TASK STATEMENT: Below is a listing. Quote from it, exactly, the lines from the one containing "Turkish Blue Handmade" down to the one containing "Inleiding: De Personeelspeiling, het", both ends included, and nothing else.

── DATA

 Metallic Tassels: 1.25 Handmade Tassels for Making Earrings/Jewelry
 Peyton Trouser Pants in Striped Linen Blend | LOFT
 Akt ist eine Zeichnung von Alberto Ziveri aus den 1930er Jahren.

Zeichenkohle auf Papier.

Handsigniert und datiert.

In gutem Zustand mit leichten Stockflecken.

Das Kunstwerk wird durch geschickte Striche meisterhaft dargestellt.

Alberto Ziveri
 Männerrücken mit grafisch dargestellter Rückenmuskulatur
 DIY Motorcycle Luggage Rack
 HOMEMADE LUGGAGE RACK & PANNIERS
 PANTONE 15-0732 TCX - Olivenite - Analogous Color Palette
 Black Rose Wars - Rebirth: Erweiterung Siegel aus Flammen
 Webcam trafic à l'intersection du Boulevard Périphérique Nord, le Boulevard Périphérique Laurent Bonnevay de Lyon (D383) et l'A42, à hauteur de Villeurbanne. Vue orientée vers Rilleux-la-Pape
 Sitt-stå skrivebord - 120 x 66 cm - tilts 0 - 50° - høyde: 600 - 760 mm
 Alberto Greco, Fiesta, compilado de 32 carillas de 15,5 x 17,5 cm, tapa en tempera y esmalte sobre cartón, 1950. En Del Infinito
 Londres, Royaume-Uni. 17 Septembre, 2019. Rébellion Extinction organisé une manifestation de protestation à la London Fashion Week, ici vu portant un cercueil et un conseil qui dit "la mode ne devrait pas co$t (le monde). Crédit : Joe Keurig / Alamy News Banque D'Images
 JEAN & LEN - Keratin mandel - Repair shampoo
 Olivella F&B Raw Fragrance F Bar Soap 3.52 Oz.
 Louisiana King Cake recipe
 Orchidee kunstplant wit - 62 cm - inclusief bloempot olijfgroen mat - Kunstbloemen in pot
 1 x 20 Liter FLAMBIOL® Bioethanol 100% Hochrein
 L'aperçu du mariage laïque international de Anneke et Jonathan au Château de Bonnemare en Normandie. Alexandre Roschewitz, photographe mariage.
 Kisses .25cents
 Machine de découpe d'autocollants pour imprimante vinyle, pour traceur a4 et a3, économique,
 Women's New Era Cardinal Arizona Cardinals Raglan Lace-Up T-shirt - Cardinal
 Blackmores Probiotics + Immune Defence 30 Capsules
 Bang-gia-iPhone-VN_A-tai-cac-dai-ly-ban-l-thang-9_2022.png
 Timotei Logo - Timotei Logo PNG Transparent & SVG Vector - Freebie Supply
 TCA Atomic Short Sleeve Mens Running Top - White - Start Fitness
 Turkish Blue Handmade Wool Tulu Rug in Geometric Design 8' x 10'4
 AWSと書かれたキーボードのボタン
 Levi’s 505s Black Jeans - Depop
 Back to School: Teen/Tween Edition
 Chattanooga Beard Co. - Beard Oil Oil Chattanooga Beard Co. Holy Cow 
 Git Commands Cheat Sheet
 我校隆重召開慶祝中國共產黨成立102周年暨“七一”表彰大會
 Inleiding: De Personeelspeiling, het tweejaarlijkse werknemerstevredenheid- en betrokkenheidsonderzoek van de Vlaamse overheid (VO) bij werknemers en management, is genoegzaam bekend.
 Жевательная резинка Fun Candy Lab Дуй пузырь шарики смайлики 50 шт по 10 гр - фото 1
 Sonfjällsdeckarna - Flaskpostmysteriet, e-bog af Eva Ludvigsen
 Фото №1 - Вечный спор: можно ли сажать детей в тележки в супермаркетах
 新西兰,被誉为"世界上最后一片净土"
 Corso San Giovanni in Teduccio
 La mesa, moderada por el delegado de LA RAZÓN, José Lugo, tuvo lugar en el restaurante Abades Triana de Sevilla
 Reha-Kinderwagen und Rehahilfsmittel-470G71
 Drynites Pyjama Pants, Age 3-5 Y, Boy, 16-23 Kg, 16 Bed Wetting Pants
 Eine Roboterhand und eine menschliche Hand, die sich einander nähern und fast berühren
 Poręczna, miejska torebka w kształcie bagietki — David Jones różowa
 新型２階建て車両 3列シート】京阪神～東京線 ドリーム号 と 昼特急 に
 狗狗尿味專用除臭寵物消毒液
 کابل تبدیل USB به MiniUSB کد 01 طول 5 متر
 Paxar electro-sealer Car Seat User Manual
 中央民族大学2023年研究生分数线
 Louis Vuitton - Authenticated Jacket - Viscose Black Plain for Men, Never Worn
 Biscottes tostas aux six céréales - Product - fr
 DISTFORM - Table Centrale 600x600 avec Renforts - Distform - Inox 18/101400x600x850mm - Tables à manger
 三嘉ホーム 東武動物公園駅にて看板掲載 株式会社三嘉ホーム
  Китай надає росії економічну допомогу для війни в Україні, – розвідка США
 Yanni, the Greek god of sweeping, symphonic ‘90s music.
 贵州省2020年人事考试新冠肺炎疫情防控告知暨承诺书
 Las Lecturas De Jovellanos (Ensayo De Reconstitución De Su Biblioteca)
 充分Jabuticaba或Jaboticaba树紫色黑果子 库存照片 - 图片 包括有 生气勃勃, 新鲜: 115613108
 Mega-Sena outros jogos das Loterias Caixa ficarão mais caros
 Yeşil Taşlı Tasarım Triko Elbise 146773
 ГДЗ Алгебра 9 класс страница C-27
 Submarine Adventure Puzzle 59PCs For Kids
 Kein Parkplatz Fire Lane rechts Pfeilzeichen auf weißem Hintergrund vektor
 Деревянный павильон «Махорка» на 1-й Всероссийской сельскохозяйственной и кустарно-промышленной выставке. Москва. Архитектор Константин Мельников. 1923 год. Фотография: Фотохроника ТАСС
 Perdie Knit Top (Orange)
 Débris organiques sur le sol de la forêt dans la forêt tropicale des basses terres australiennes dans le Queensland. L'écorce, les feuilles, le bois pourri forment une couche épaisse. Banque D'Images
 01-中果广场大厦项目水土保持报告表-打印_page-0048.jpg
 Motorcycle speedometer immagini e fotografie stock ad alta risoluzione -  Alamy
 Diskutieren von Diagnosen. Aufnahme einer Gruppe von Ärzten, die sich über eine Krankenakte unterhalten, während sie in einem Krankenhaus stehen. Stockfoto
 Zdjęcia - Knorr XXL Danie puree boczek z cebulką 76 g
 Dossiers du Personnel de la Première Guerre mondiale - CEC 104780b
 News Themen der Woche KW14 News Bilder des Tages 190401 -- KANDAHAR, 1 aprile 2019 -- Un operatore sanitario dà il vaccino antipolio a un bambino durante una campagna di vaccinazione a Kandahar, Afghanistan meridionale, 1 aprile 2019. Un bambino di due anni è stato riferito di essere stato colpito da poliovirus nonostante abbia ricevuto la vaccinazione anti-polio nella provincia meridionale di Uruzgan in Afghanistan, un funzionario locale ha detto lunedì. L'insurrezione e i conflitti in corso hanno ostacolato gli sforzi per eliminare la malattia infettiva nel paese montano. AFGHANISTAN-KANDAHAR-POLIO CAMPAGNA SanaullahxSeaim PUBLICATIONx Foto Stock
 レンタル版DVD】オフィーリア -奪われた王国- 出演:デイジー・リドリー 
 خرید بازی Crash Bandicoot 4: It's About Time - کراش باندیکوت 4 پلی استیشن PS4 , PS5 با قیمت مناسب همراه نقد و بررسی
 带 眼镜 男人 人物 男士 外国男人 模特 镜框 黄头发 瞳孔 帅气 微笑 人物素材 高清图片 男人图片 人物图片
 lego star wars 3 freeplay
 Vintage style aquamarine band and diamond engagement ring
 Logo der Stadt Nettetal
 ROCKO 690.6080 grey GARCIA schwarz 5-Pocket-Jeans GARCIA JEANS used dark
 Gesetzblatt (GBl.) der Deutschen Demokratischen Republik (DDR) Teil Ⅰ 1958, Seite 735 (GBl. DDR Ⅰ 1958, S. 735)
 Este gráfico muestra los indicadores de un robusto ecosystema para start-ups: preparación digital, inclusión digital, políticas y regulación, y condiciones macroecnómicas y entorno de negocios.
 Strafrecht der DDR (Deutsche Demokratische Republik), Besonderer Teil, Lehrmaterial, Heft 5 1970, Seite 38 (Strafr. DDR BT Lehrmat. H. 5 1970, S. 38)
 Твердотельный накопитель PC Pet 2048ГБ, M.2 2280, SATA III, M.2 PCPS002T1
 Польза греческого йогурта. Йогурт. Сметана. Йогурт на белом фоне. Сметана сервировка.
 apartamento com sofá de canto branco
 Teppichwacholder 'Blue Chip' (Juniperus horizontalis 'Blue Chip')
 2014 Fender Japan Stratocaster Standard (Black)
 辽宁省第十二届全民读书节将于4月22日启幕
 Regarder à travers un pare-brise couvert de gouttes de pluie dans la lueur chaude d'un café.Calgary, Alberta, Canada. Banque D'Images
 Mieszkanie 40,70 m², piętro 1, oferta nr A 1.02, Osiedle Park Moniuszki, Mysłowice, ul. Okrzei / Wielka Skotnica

────

EXERCISE RESULT:
 Turkish Blue Handmade Wool Tulu Rug in Geometric Design 8' x 10'4
 AWSと書かれたキーボードのボタン
 Levi’s 505s Black Jeans - Depop
 Back to School: Teen/Tween Edition
 Chattanooga Beard Co. - Beard Oil Oil Chattanooga Beard Co. Holy Cow 
 Git Commands Cheat Sheet
 我校隆重召開慶祝中國共產黨成立102周年暨“七一”表彰大會
 Inleiding: De Personeelspeiling, het tweejaarlijkse werknemerstevredenheid- en betrokkenheidsonderzoek van de Vlaamse overheid (VO) bij werknemers en management, is genoegzaam bekend.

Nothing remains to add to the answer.